• WORK INSTRUCTION:
Set down the full listing exactly as given. Any pictures are to be left out.

--- GIVEN INFORMATION ---

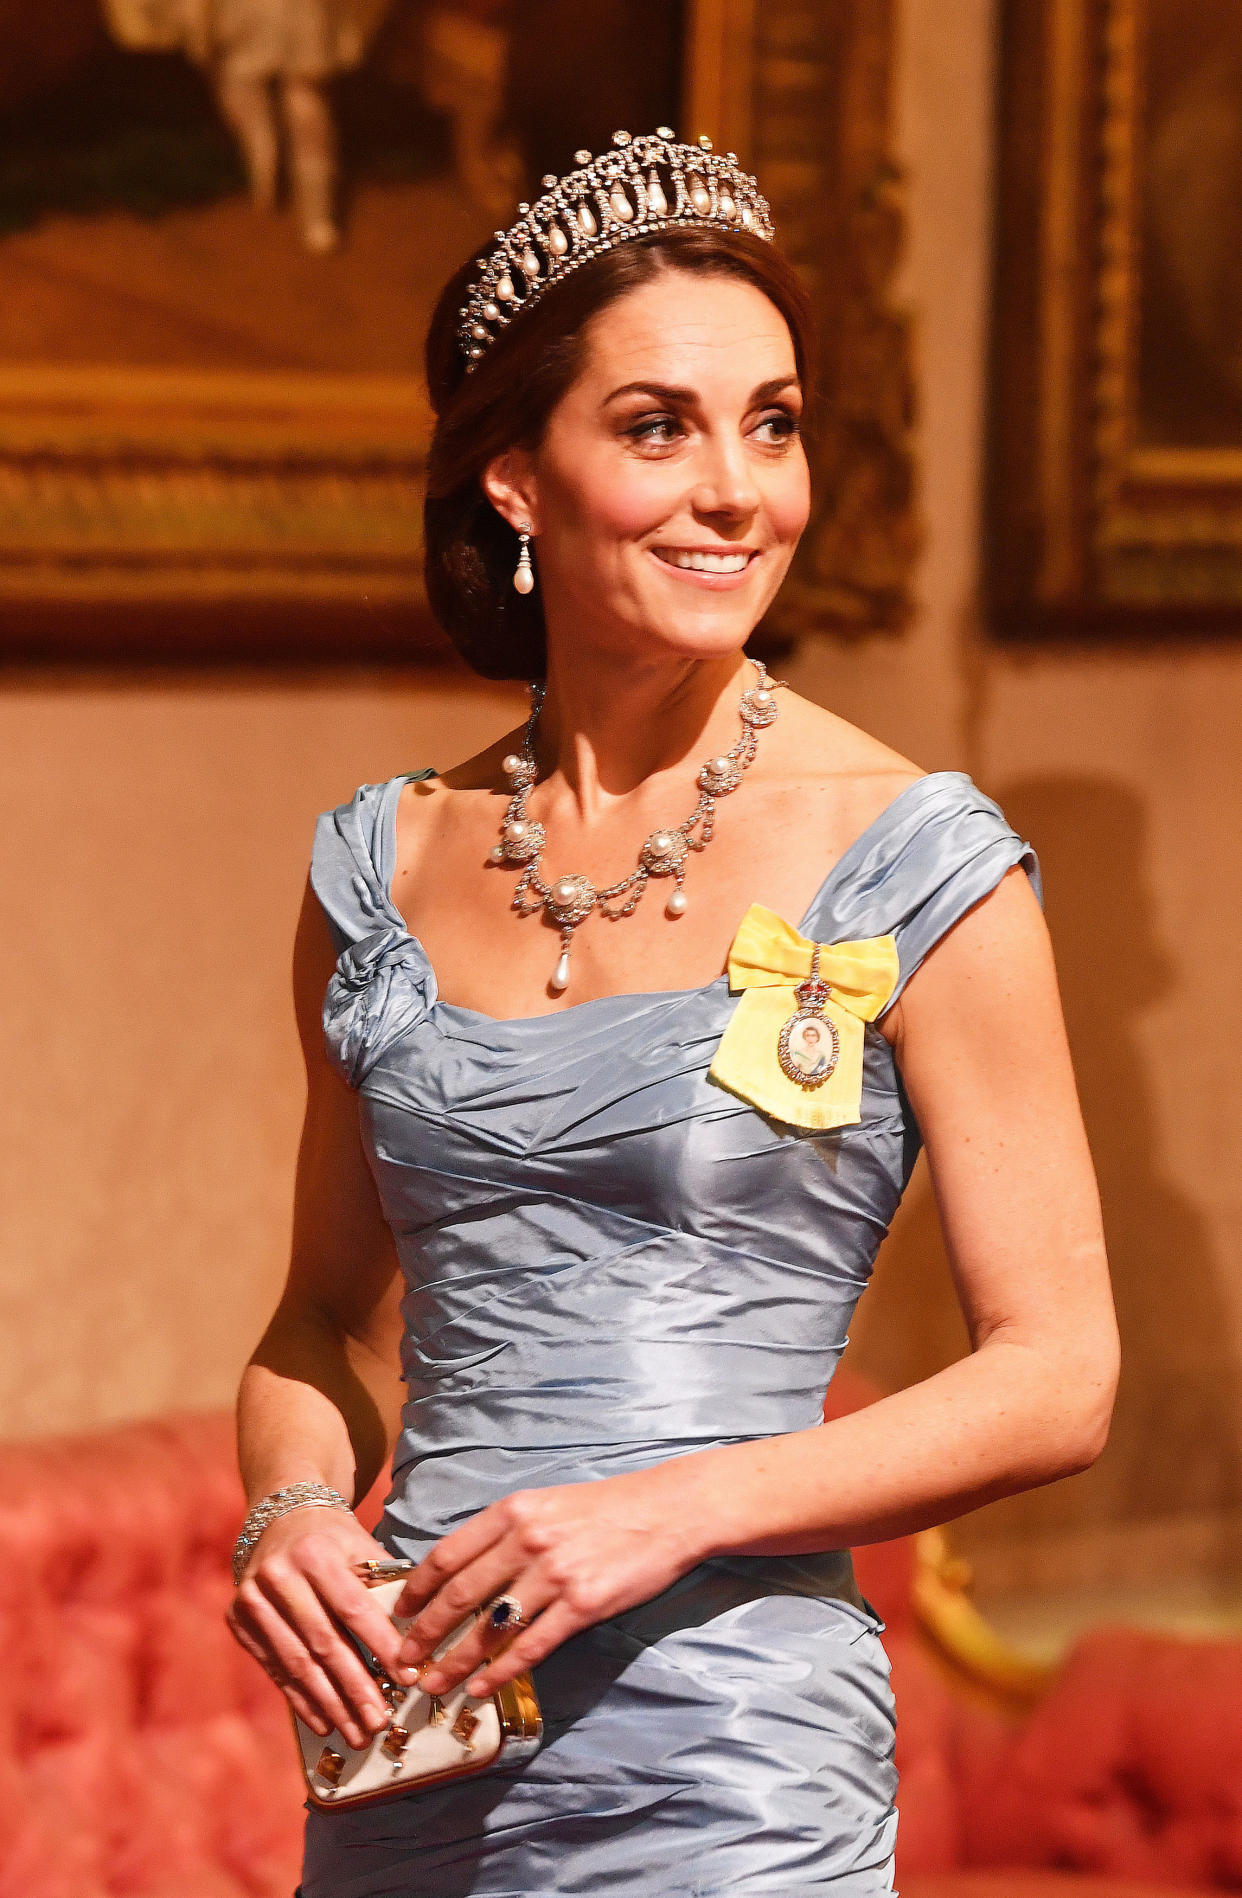 There’s a special meaning behind the Duchess of Cambridge’s brooch she wore on Tuesday night. Source: Getty
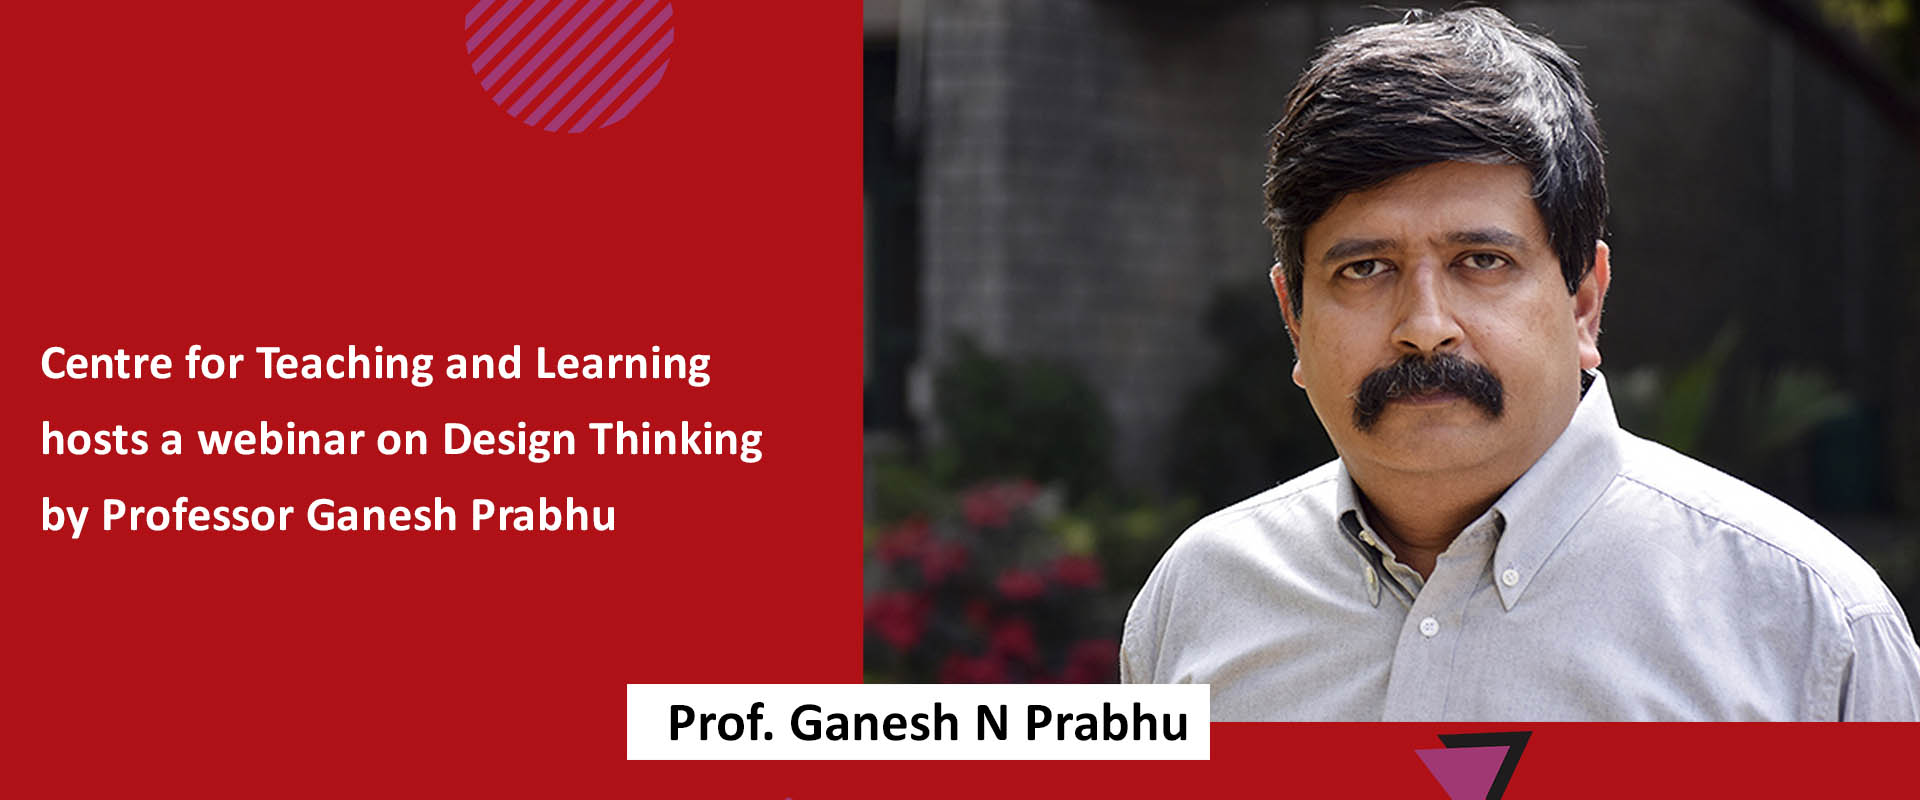 Centre for Teaching and Learning hosts a webinar on Design Thinking by Professor Ganesh Prabhu
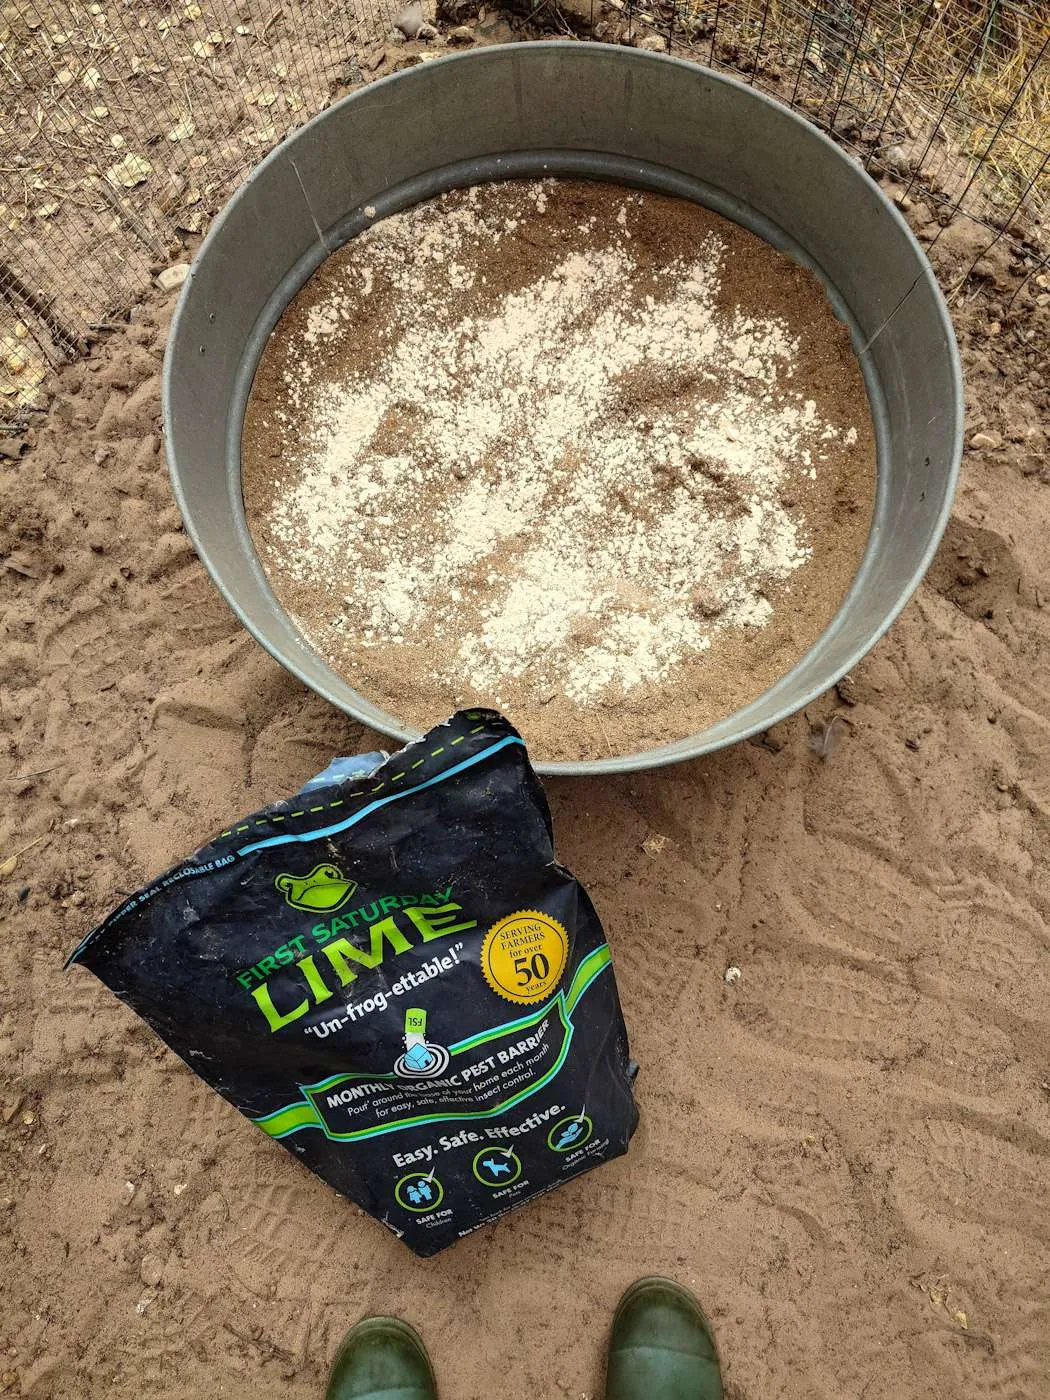 A metal tub is full of dirt and sand with a sprinkle of lime on top which will be mixed into the soil and sand. The bag of lime sits just outside the tub to illustrate the brand of lime used.

---

• ANSWER:
 There’s a special meaning behind the Duchess of Cambridge’s brooch she wore on Tuesday night. Source: Getty
 Centre for Teaching and Learning hosts a webinar on Design Thinking by Professor Ganesh Prabhu
 A metal tub is full of dirt and sand with a sprinkle of lime on top which will be mixed into the soil and sand. The bag of lime sits just outside the tub to illustrate the brand of lime used.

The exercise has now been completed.